Ketiga, Pengaturan Badan Pengelola Penanaman Modal Daya Anagata Nusantara (BPI Danantara), holding investasi, holding operasional. BPI Danantara sendiri merupakan lembaga yang tersebut melaksanakan tugas pemerintahan pada bidang pengelolaan BUMN sebagaimana diatur pada RUU BUMN.
Holding Pengembangan Usaha adalah BUMN yang digunakan seluruh modalnya dimiliki oleh Negara Republik Indonesia serta Badan yang tersebut mempunyai tugas untuk melakukan pengelolaan dividen dan/atau pemberdayaan aset BUMN juga tugas lain yang digunakan ditetapkan oleh Menteri dan/atau Badan.
Sedangkan Holding Operasional adalah BUMN yang seluruh modalnya dimiliki oleh Negara lalu Badan yang dimaksud mempunyai tugas untuk melakukan pengawasan terhadap kegiatan operasional BUMN juga kegiatan bidang usaha lainnya.

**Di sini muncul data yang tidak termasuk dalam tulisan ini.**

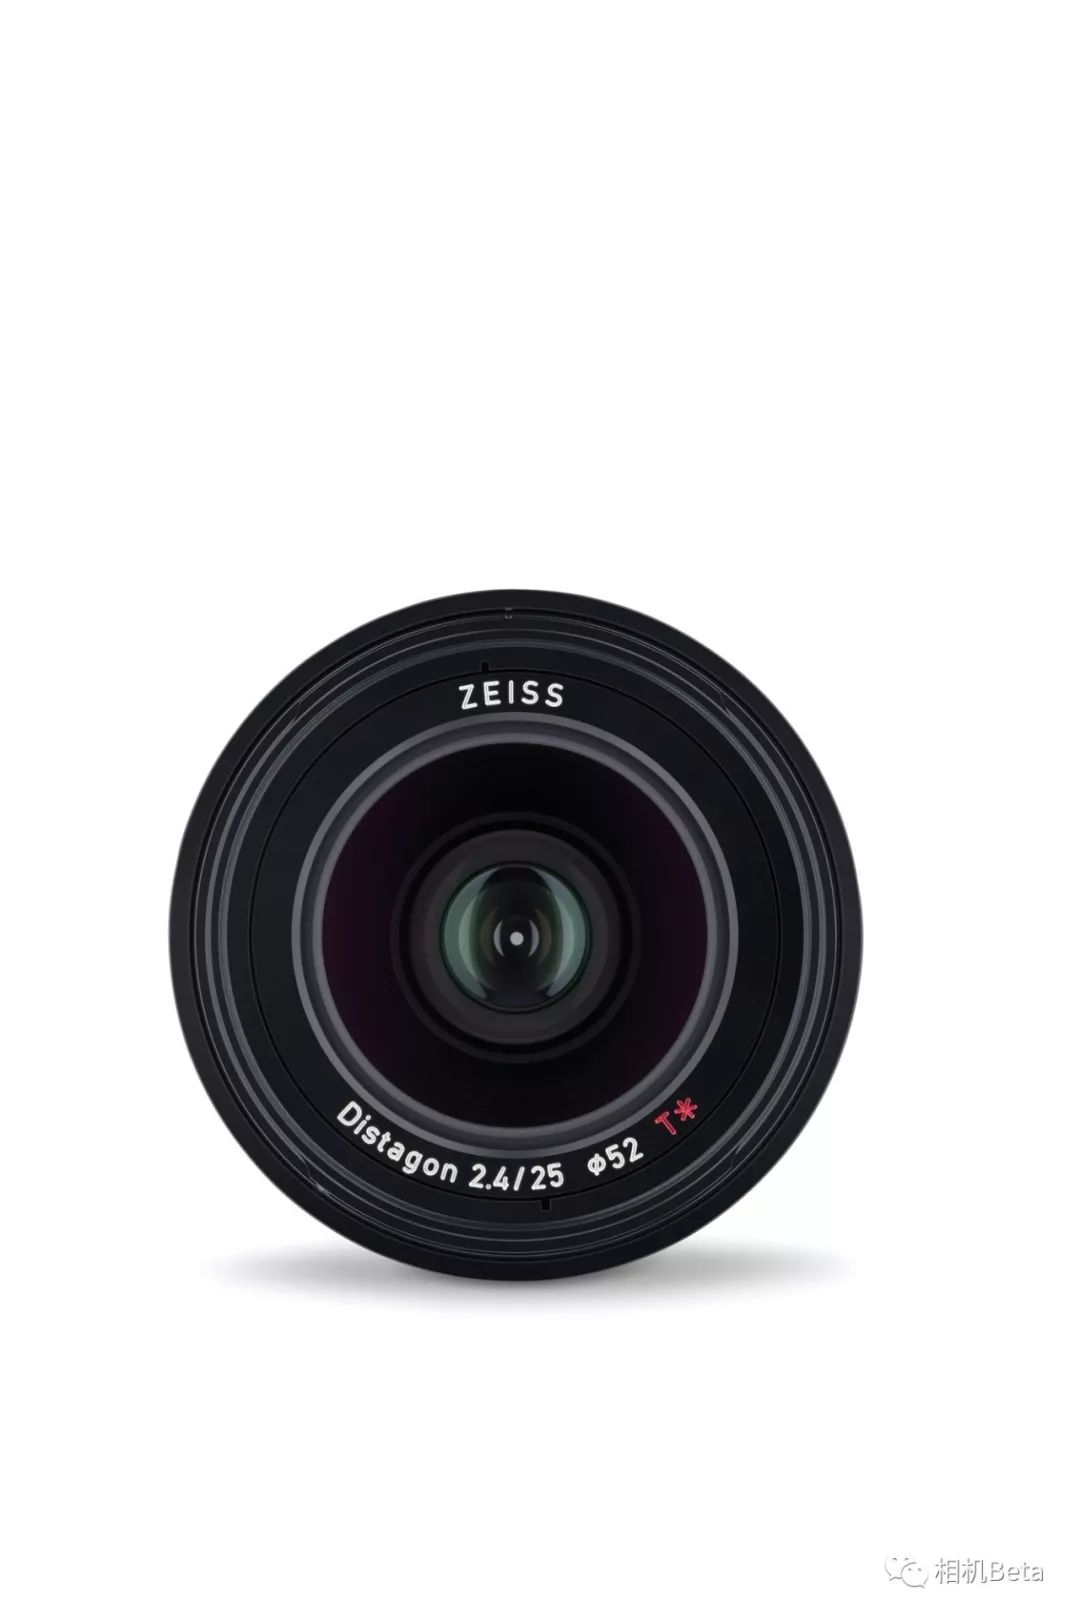 蔡司loxia 25mm f24镜头正式发布,售价1299美元

Keempat, pengaturan mengenai business judgement rule atau aturan yang menyangkut perihal pengamanan kewenangan direksi terkait pengambilan keputusan. Kelima, mengatur tentang pengelolaan aset BUMN yang mana sesuai dengan prinsip good corporate governance seperti yang dimaksud diatur di RUU BUMN yang baru.
Keenam, aturan persoalan rekrutmen sumber daya manusia (SDM) BUMN untuk para penyandang disabilitas. Bahkan di pasal ini juga diatur bahwa karyawan BUMN juga diambil dari rakyat setempat. Hal ini diatur di Bab IX tentang Narasumber Daya Manusia.